* PROBLEM *
Could you retype exactly the lines below between the one holding "MudLOVE thankful" and the one holding "Leather Kimono Blouse", inclusive, leaving out any pictures?

* EXTRACTED MATERIAL *
_ _ _ _ _ _ _

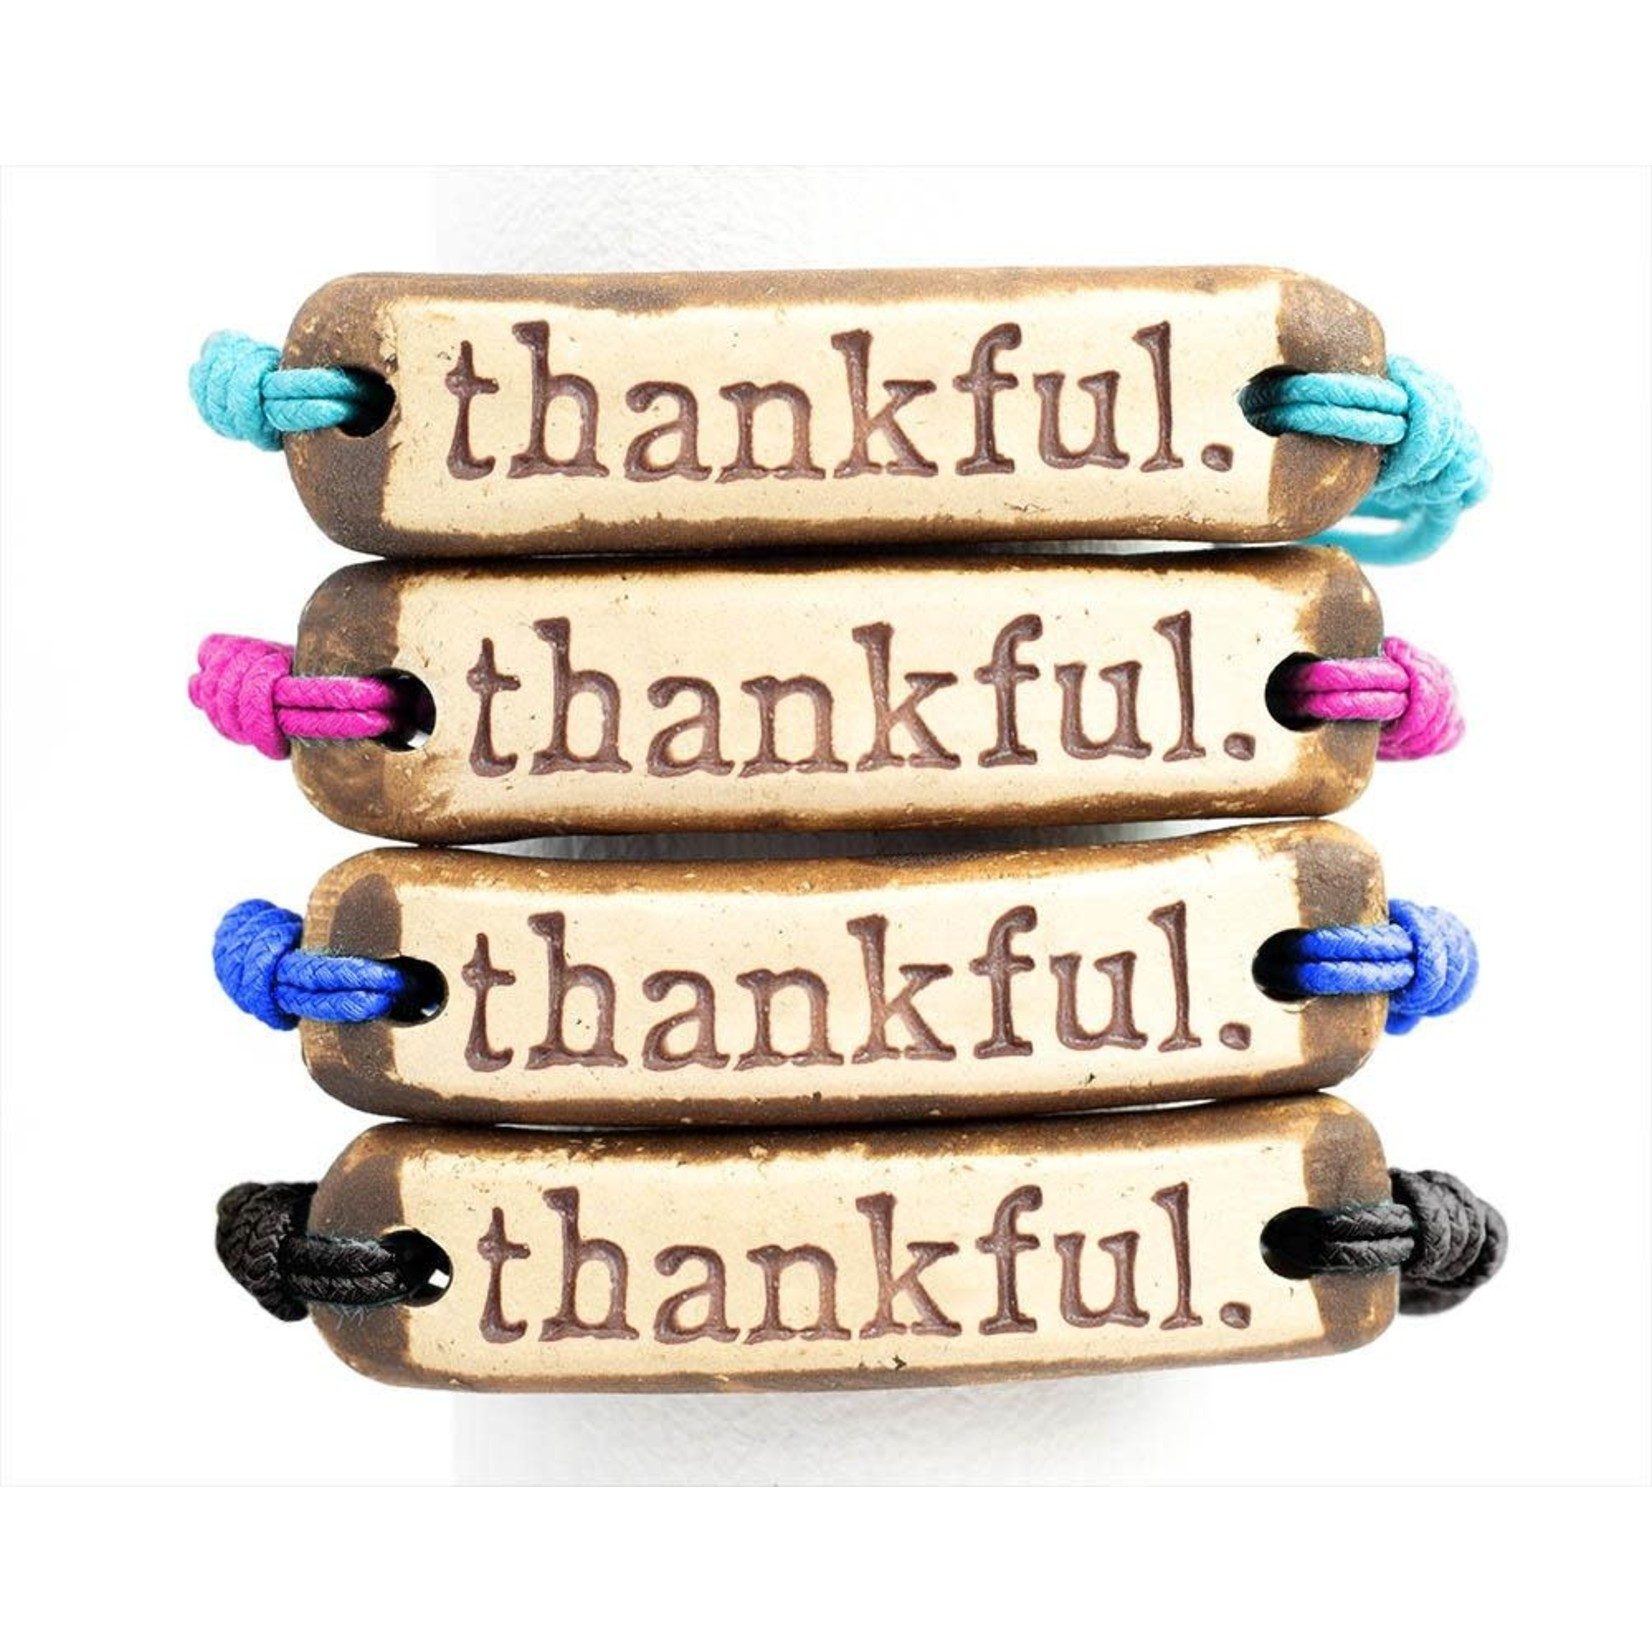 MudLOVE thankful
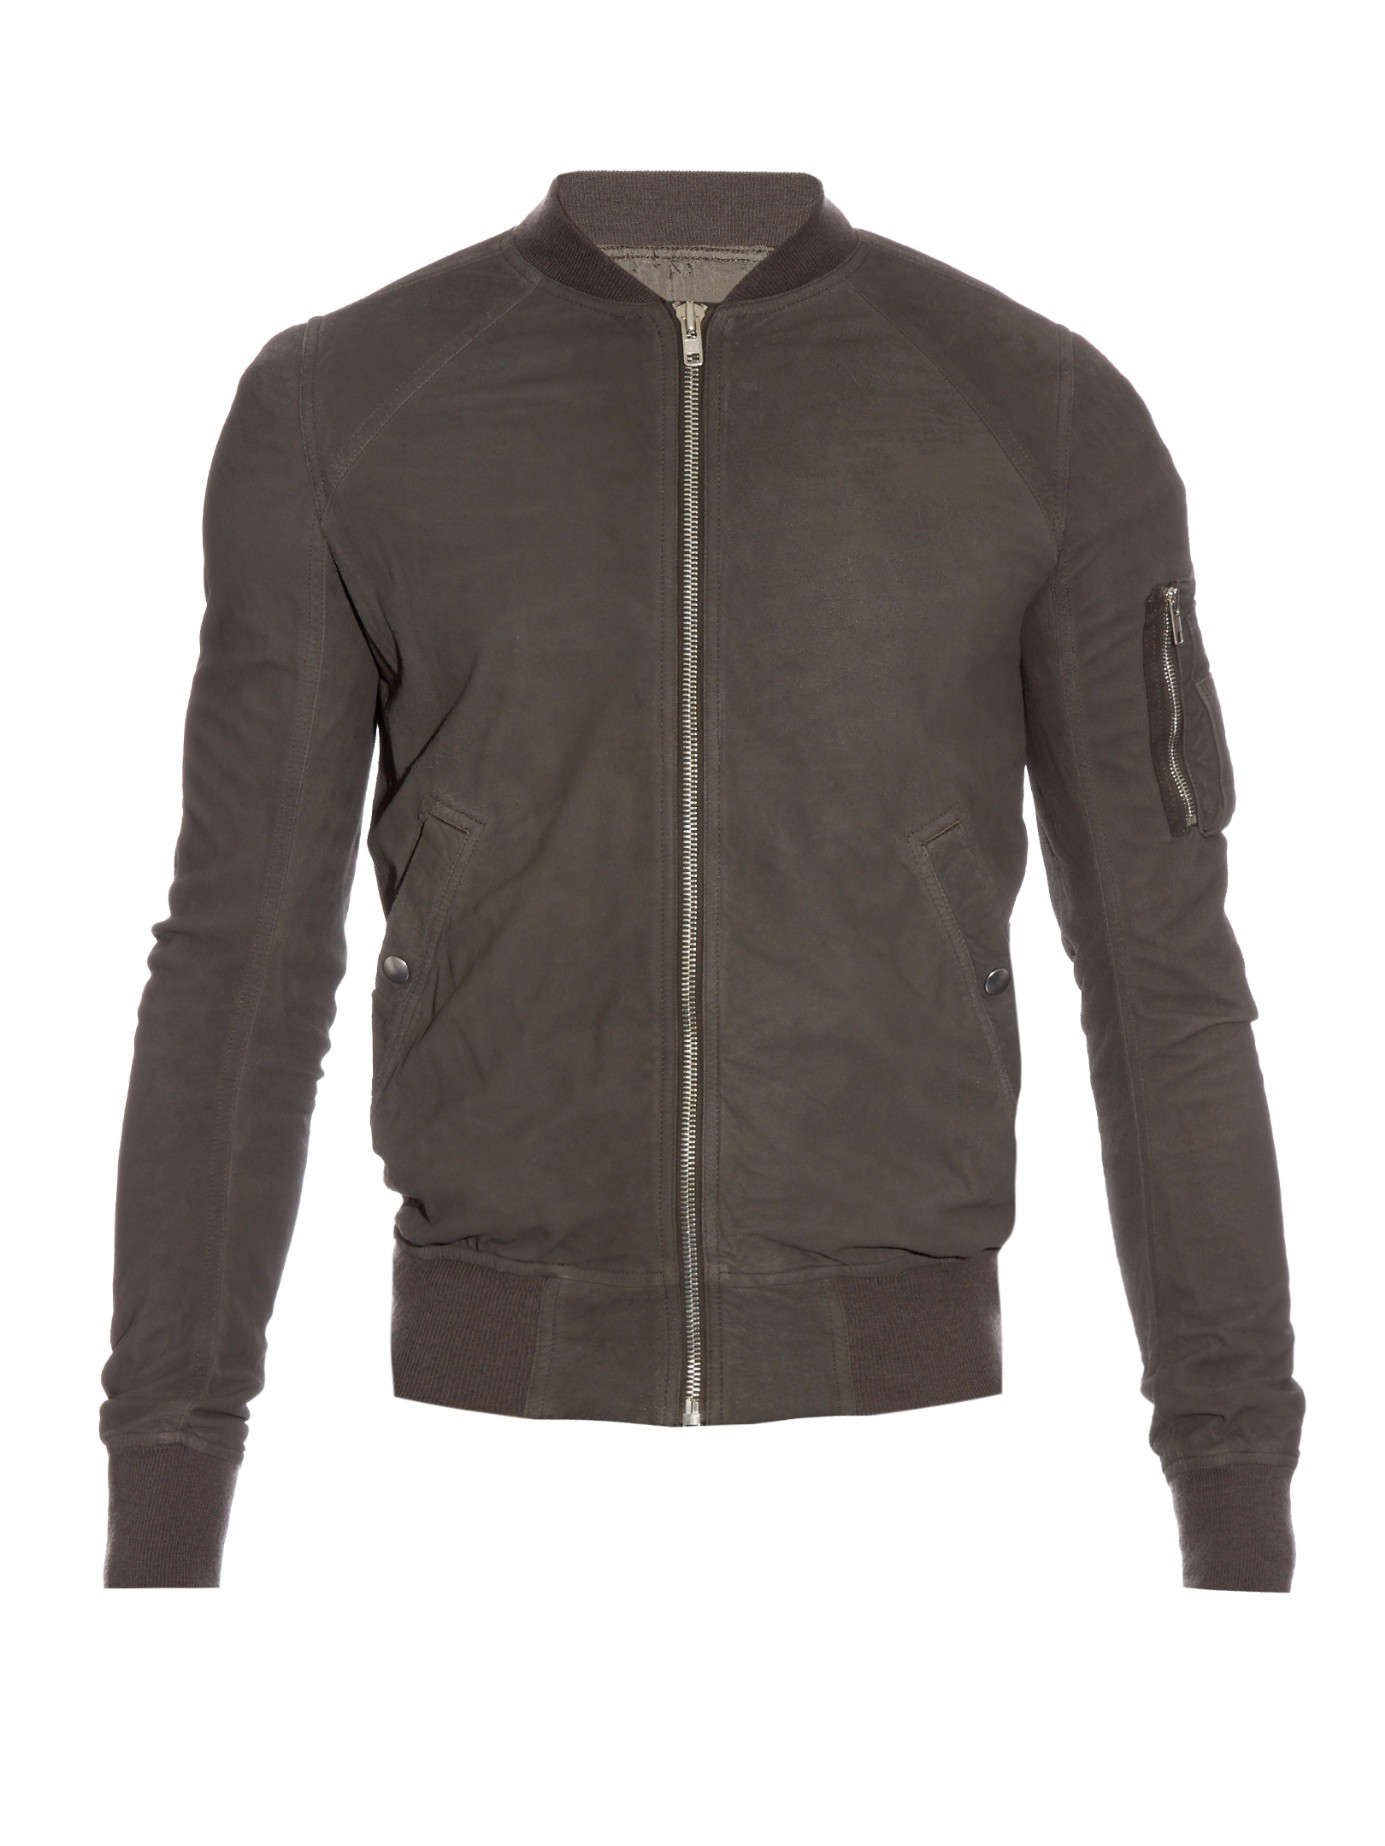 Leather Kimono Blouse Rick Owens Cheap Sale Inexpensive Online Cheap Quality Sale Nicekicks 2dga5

_ _ _ _ _ _ _

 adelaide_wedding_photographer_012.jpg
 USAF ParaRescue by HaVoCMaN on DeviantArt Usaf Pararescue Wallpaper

_ _ _ _ _ _ _

* REPLY TO THE TASK *
 MudLOVE thankful
 Leather Kimono Blouse Rick Owens Cheap Sale Inexpensive Online Cheap Quality Sale Nicekicks 2dga5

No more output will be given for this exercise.